Even though CCUS is critical to combating catastrophic climate change, it has faced opposition from many of the most passionate supporters of climate action. Environmental groups and renewable advocates have opposed investing in CCUS, fearing that it would be used to justify further reliance on fossil fuels. But by limiting the scope of investment in decarbonization, the world would miss a major avenue for reducing emissions both in the electricity sector and in a variety of industries. To meet the 2-degree climate target, environmental advocates should support policies like low or zero emissions portfolio standards that are technology-neutral, which would encourage investment in a range of lower-carbon energy sources, including CCUS.

CCUS also faces opposition from some conservative voices, especially those who downplay or dismiss the threat of climate change, who see it as a needlessly expensive experiment that reduces power plant efficiency. However, many conservatives have found CCUS to be a more appealing solution to reducing CO2 emissions than restricting electricity production. By creating a larger economy around carbon, CCUS can create jobs and revenue from what was previously only a waste material, and can fuel economic growth.

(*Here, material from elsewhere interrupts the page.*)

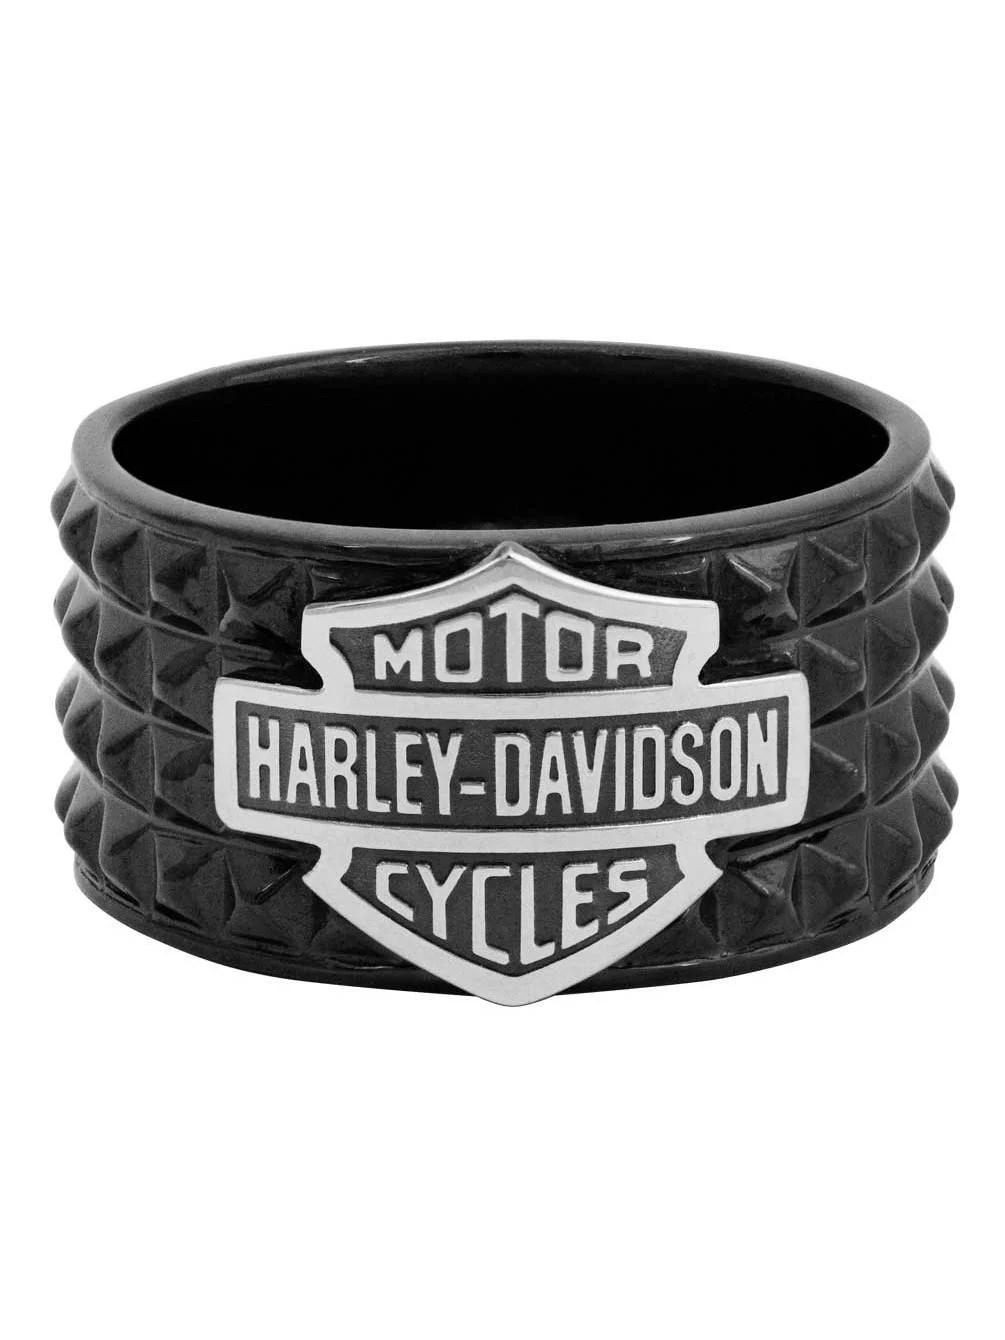 Harley Davidson Jewelry Rings : harley, davidson, jewelry, rings, Harley-Davidson, Men's, Jewelry, Black, Walmart.com

Overall, the tide seems to be shifting. CCUS has managed to attract a remarkably broad coalition of supporters, including climate hawks on the left and fossil fuel supporters on the right. Under an administration that has stepped away from many important climate policies, including the Paris Accord and the Clean Power Plan, building bipartisan support for investing in this technology is critical to its future.

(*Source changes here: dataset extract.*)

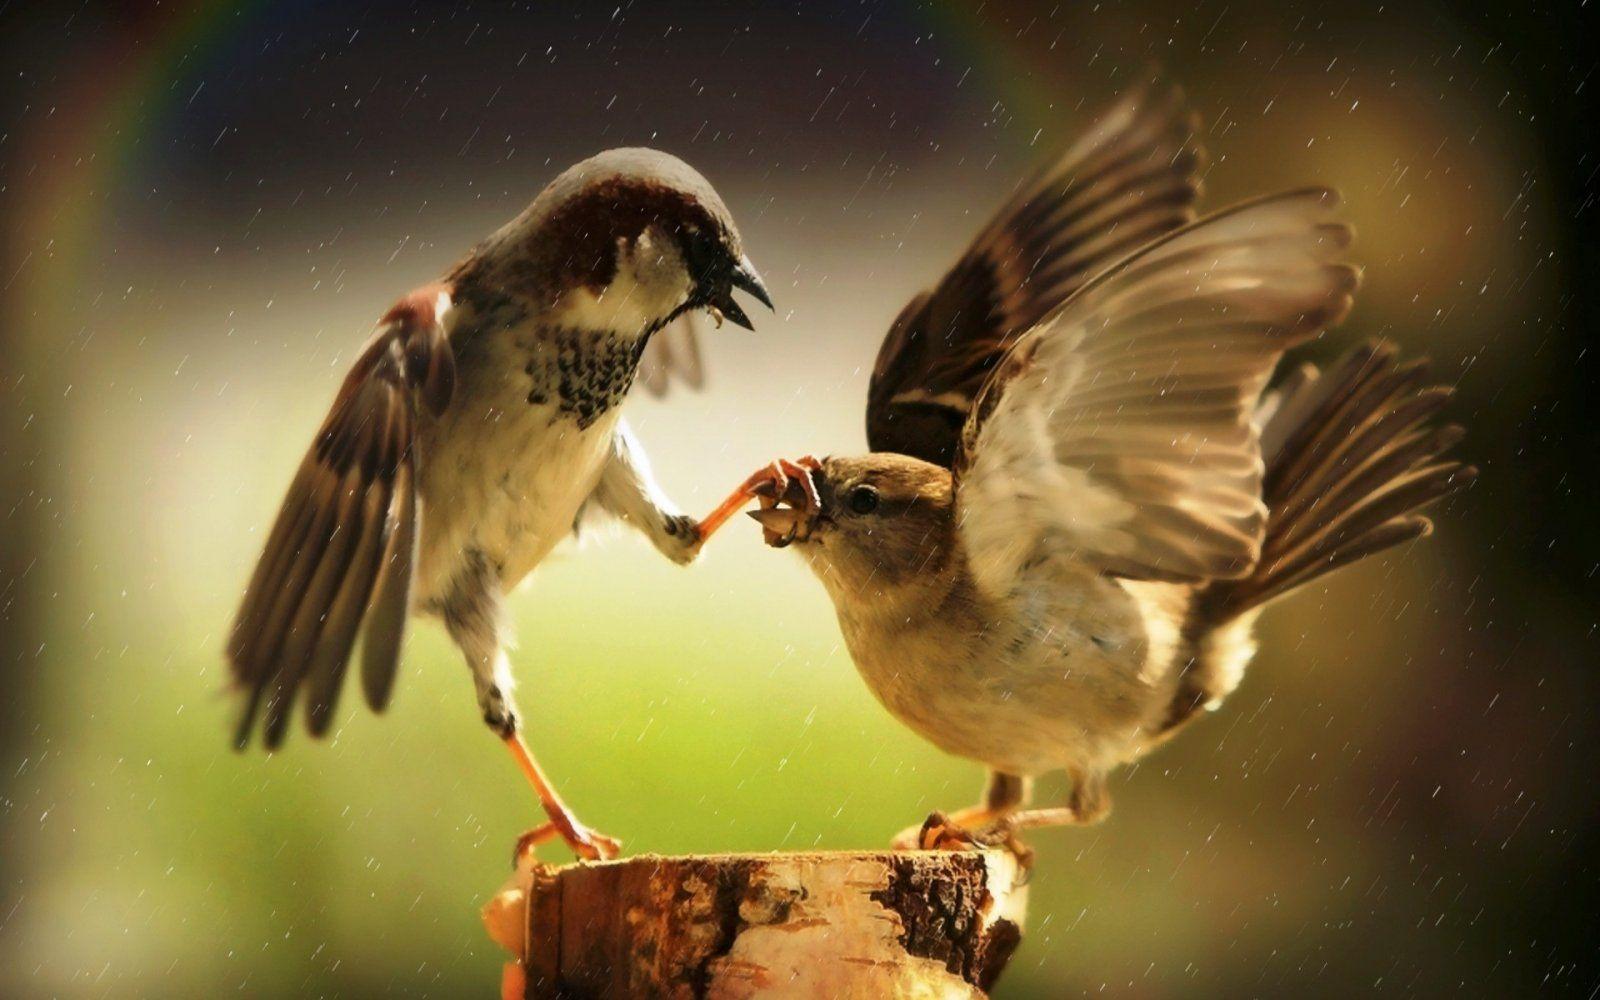 birds-animals-nature-humor-rain-wildlife-rainbows-beak-sparrow-bird-finch-wing-fauna-perching-...jpg

The federal government has an integral role to play in ensuring CCUS succeeds by supplementing critical funding for research and development. The Trump administration has repeatedly tried to slash energy technology R&D funding, with the Department of Energy’s CCUS R&D budget cut by as much as 76 percent in proposed budgets. As funding for energy technology innovation in the United States has slowed, China is now set to lead the way in funding for CCUS R&D. The United States must protect and expand its R&D funding in order to play a leading role in the energy transition.

The government must also improve incentives for CCUS deployment. The FUTURE Act, recently enacted by Congress as part of the February 2018 budget bill and championed by a noticeably bipartisan coalition, is an important step toward making CCUS economical. The bill extends carbon dioxide capture, storage and conversion tax credits and increases the value of those credits. The same bipartisan group of senators has proposed another bill, the USE IT act, which would amplify support for CCUS technology by directly funding research and development and by setting up a prize competition to reward deployment in the private sector, especially of direct air capture technology. These are welcome steps forward in supporting this critical technology.

However, the government can and should go further by procuring CCUS technology for federal infrastructure and investing in national pipeline infrastructure to lower the costs associated with transporting CO2 from retrofitted plants. By doing so and increasing R&D funding, it can spur innovation to lower the cost and increase the efficiency of products on the market and thereby incentivize CCUS deployment.

The energy transition is accelerating at a rapid pace, but it will fall short of averting catastrophic climate change if it does not employ a wide range of solutions, including broad deployment of carbon capture, utilization and storage. The Paris Agreement was an important step in combating climate change, but without CCUS as part of the solution, the goals established there will be impossible to meet.